Background: Patient-reported outcomes (PROs) measure progression and quality of care. While legacy PROs such as the International Knee Documentation Committee (IKDC) survey are well-validated, a lengthy PRO creates a time burden on patients, decreasing adherence. In recent years, PROs such as the Patient-Reported Outcomes Measurement Information System (PROMIS) Physical Function and Pain Interference surveys were developed as computer adaptive tests, reducing time to completion. Previous studies have examined correlation between legacy PROs and PROMIS; however, no studies have developed effective prediction models utilizing PROMIS to create an IKDC index. While the IKDC is the standard knee PRO, computer adaptive PROs offer numerous practical advantages. Purpose: To develop a nonlinear predictive model utilizing PROMIS Physical Function and Pain Interference to estimate IKDC survey scores and examine algorithm sensitivity and validity. Study Design: Cohort study (diagnosis); Level of evidence, 3. Methods: The MOTION (Military Orthopaedics Tracking Injuries and Outcomes Network) database is a prospectively collected repository of PROs and intraoperative variables. Patients undergoing knee surgery completed the IKDC and PROMIS surveys at varying time points. Nonlinear multivariable predictive models using Gaussian and beta distributions were created to establish an IKDC index score, which was then validated using leave-one-out techniques and minimal clinically important difference analysis.

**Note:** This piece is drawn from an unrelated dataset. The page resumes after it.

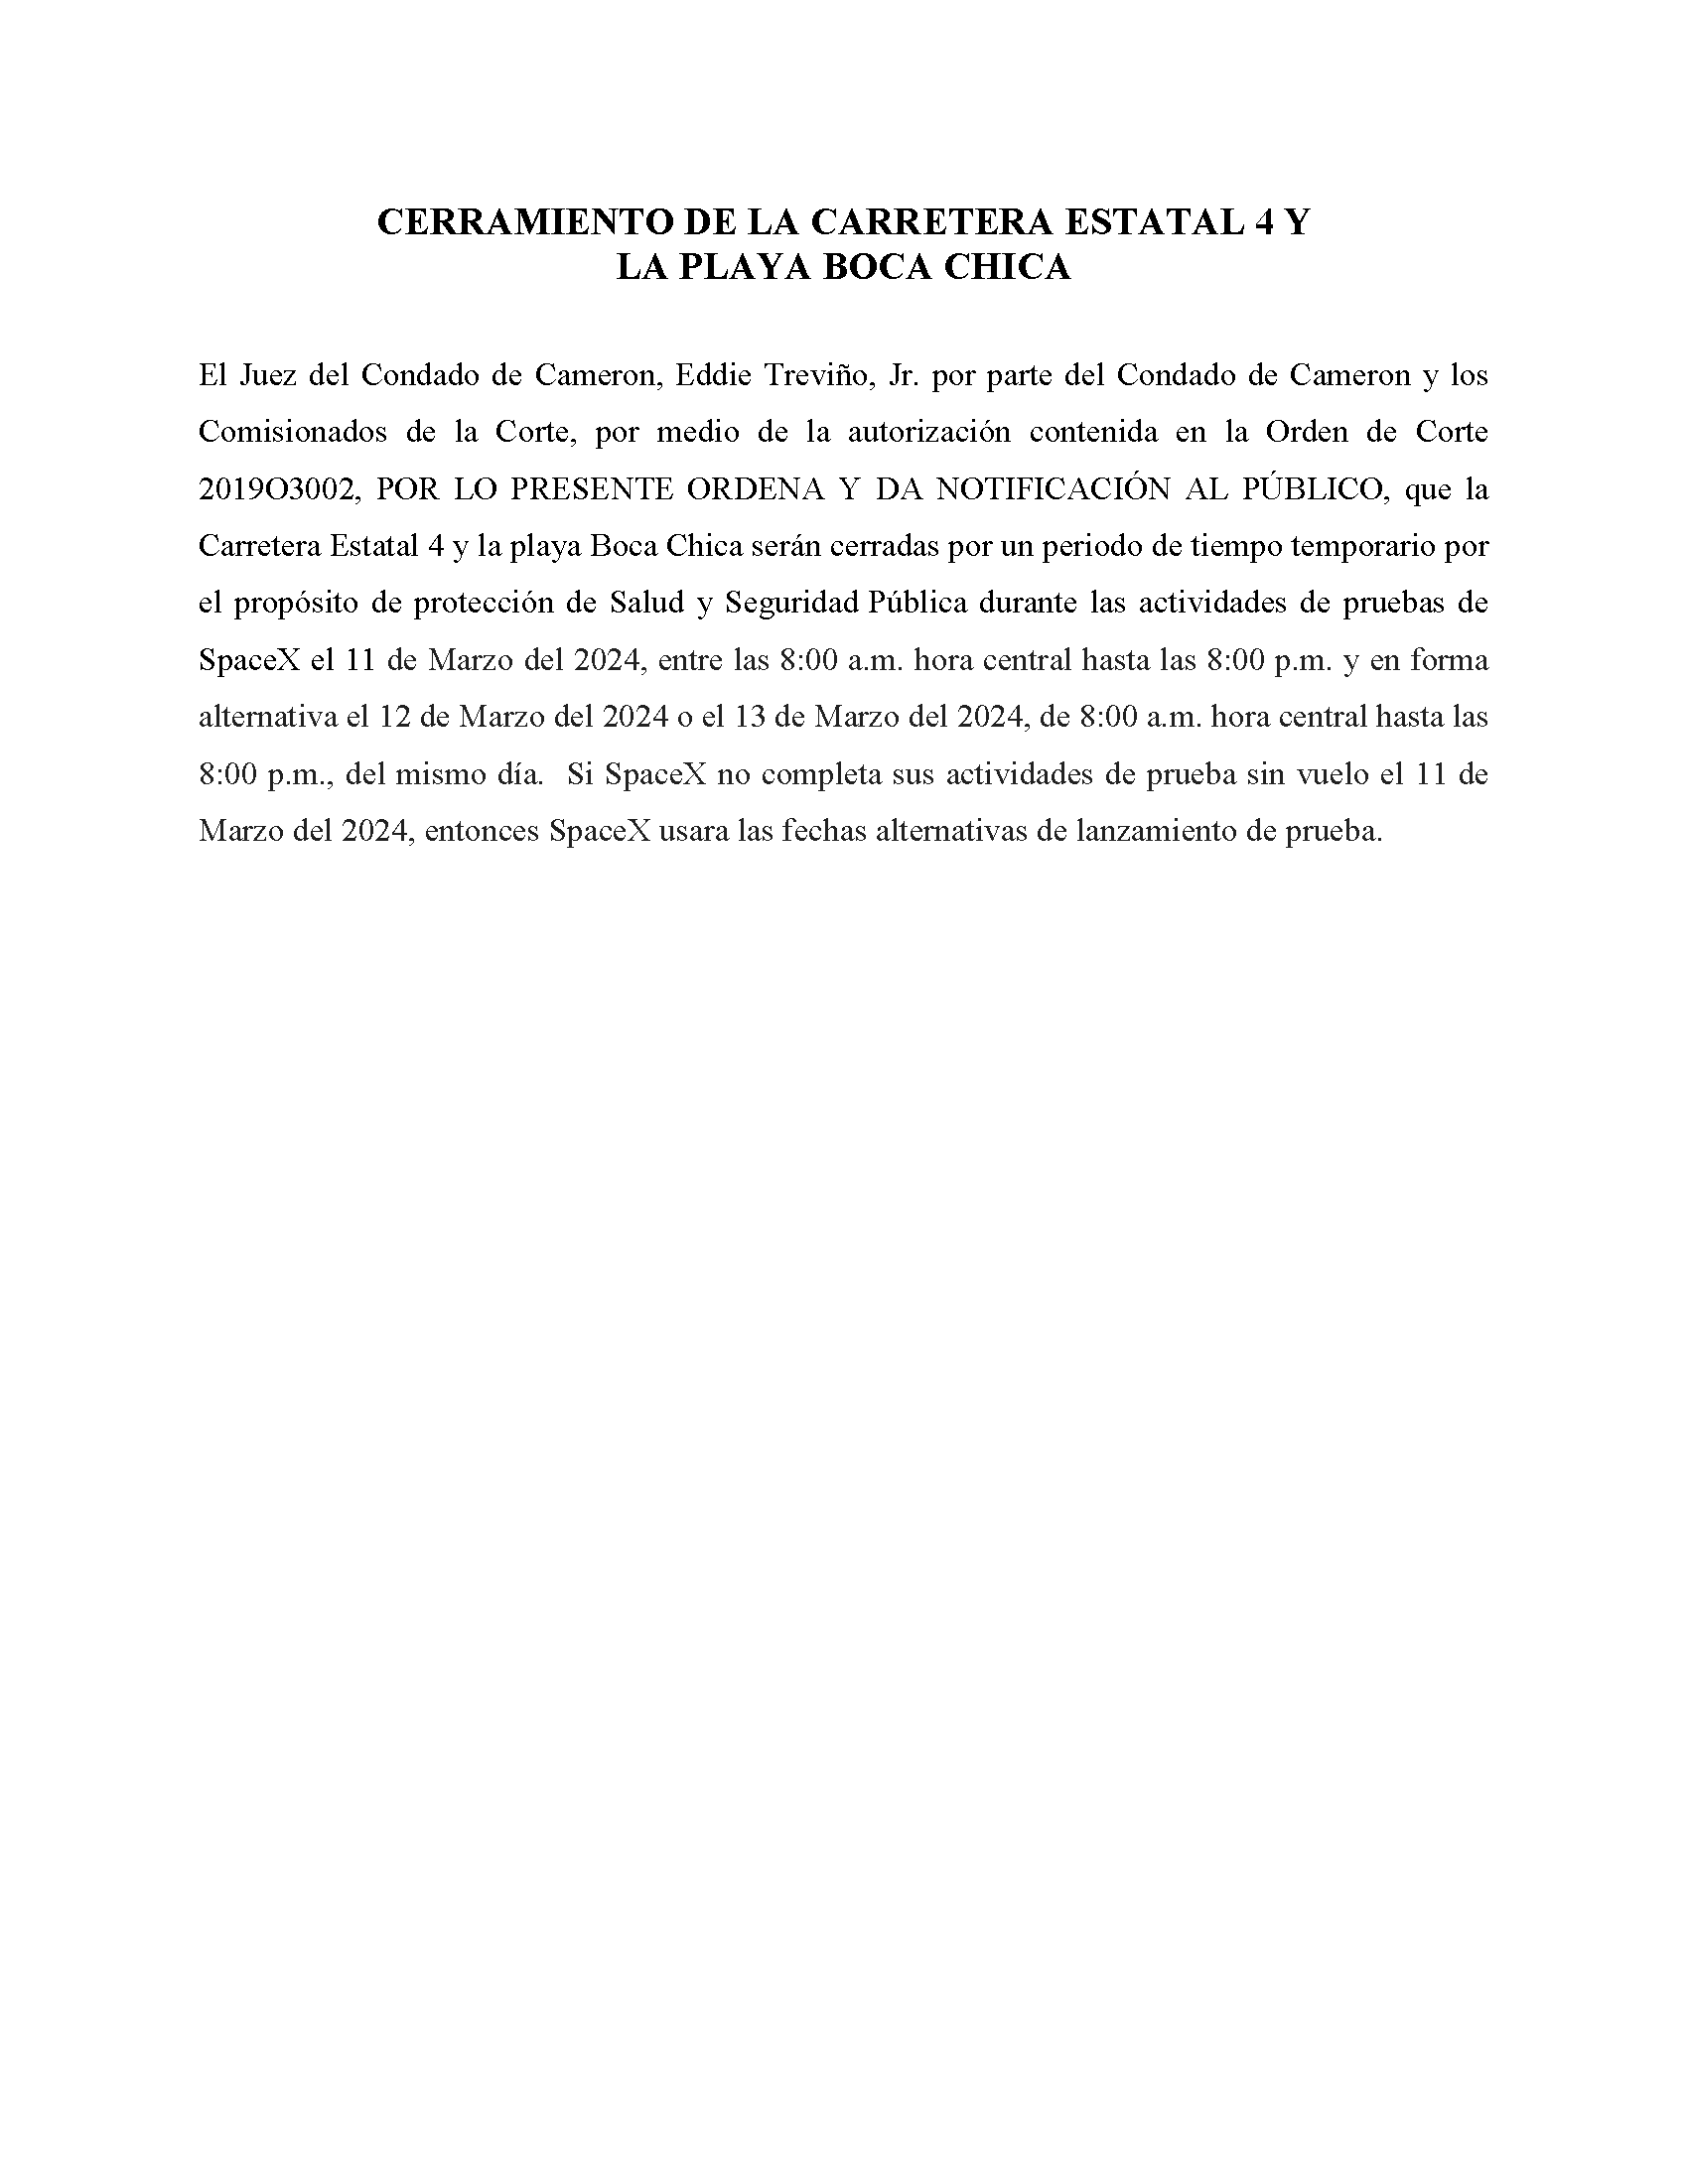 ORDER.CLOSURE OF HIGHWAY 4 Y LA PLAYA BOCA CHICA.SPANISH.03.11.2024 002

Results: A total of 1011 patients completed the IKDC and PROMIS Physical Function and Pain Interference, providing 1618 complete observations. The algorithms for the Gaussian and beta distribution were validated to predict the IKDC (Pearson = 0.84-0.86; R2 = 0.71-0.74; root mean square error = 9.3-10.0). Conclusion: The publicly available predictive models can approximate the IKDC score. The results can be used to compare PROMIS Physical Function and Pain Interference against historical IKDC scores by creating an IKDC index score. Serial use of the IKDC index allows for a lower minimal clinically important difference than the conventional IKDC. PROMIS can be substituted to reduce patient burden, increase completion rates, and produce orthopaedic-specific survey analogs.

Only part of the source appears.